Deskripsi Kemampuan: [Temukan master yang layak dan beri tahu mereka Nama Sejatimu. Setelah mereka mengucapkannya dengan lantang, Anda akan terikat pada kehendak mereka, tidak dapat melanggar perintah apa pun. Tidak pantas bagi bayangan, apalagi dewa, untuk berjalan-jalan tanpa tuannya].
Itu... banyak yang harus dicerna.
Pertama-tama, Sunny merasakan jantungnya berdetak lebih cepat. Dia mendengarnya dengan benar! Semua penderitaan dan kengerian yang dia alami dalam Mimpi Buruk Pertama terbayar pada akhirnya. Sebuah Aspek ilahi, dia telah menerima sebuah Aspek ilahi! Apapun yang berada di atas Kebangkitan adalah langka dan sangat berharga!

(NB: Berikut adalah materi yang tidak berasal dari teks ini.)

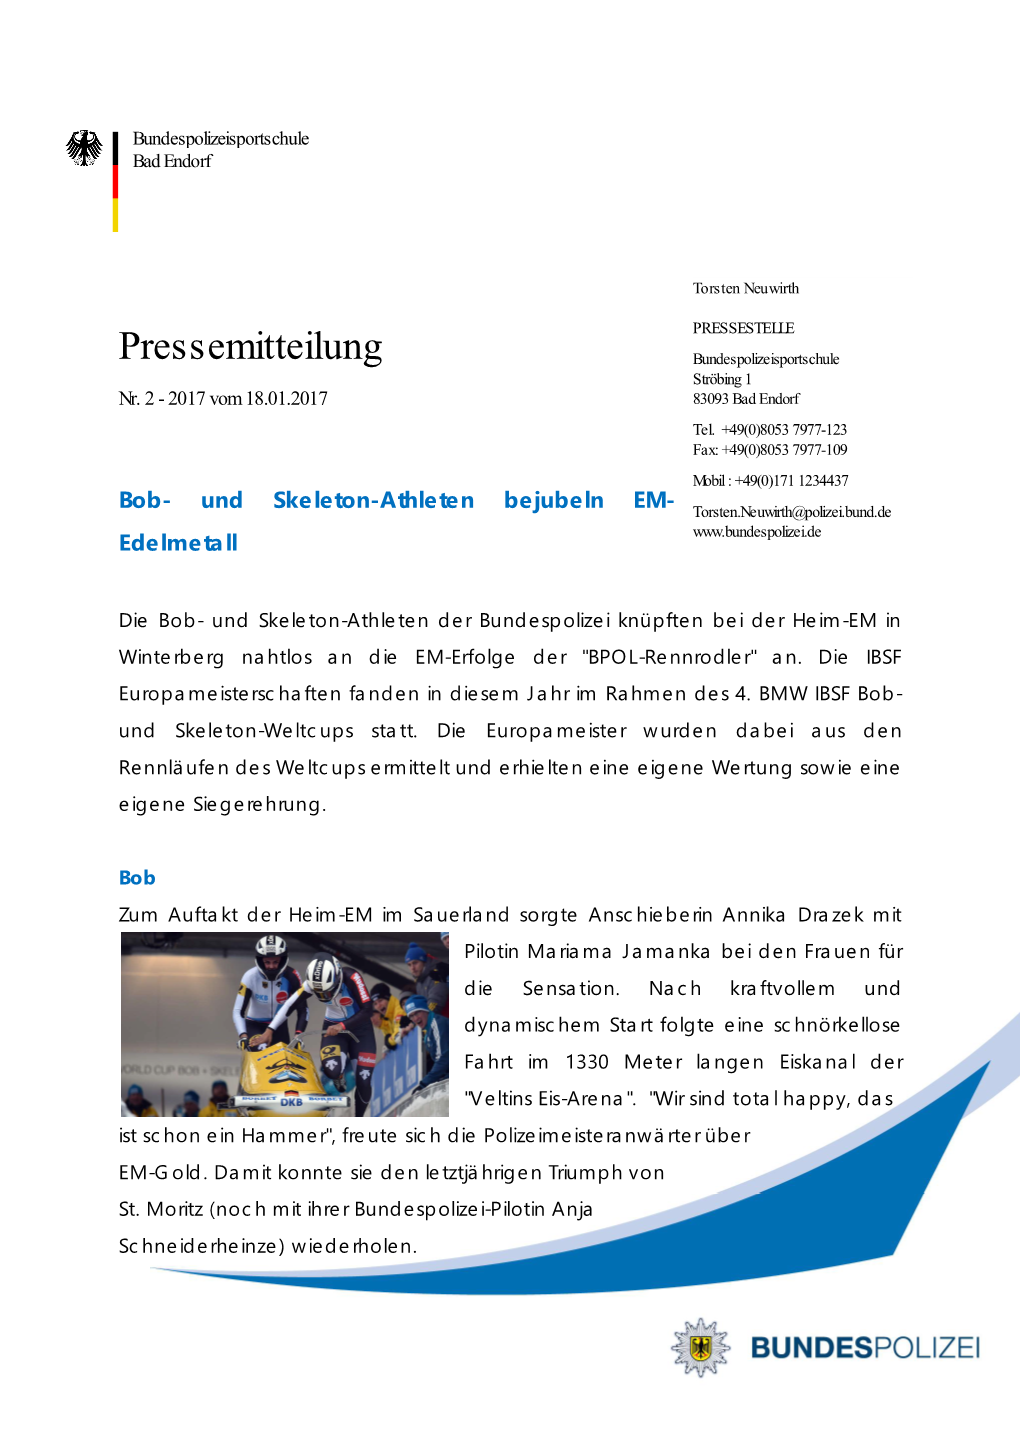 Pressemitteilung Bundespolizeisportschule Ströbing 1 Nr

Orang dengan Ascended Aspects cukup langka untuk diperebutkan oleh berbagai faksi. Faksi-faksi itu sendiri dibangun di sekitar pembangkit tenaga listrik tunggal dengan Aspek Transenden atau Tertinggi. Dan dia belum pernah mendengar ada orang yang memperoleh Aspek Ilahi. Tidak pernah!
Apa pun yang memiliki awalan "ilahi" sangat sulit ditemukan karena sebagian besar hanya ada di dunia mitos dan legenda. Lagipula, umat manusia belum mencapai setinggi itu; hanya sedikit lebih dari satu dekade sejak manusia berhasil menaklukkan Mimpi Buruk Ketiga dan menerima kemampuan untuk mengembangkan inti mereka ke peringkat Transenden.
Sebagai Transenden - atau Orang Suci, sebutan untuk mereka di dunia nyata - Awakened yang kuat menguasai Alam Mimpi, tapi bahkan mereka tidak berani menghadapi Makhluk Mimpi Buruk yang memiliki peringkat lebih tinggi. Selanjutnya, tidak ada banyak Kenangan dan Gema dengan peringkat Tertinggi di sekitar, apalagi Suci... atau Ilahi. Hal yang sama berlaku untuk Aspek.
Namun Sunny baru saja mendapatkannya!
Dia menyeringai, didorong setengah gila oleh kegembiraan dan kesombongan. Namun, kegembiraannya sedikit terganggu. Bagaimanapun juga, ada kemampuan bawaan yang aneh. Tentu saja, dia tidak berniat untuk menjadi budak sihir seseorang, tanpa kehendak bebasnya sendiri. Persetan dengan itu!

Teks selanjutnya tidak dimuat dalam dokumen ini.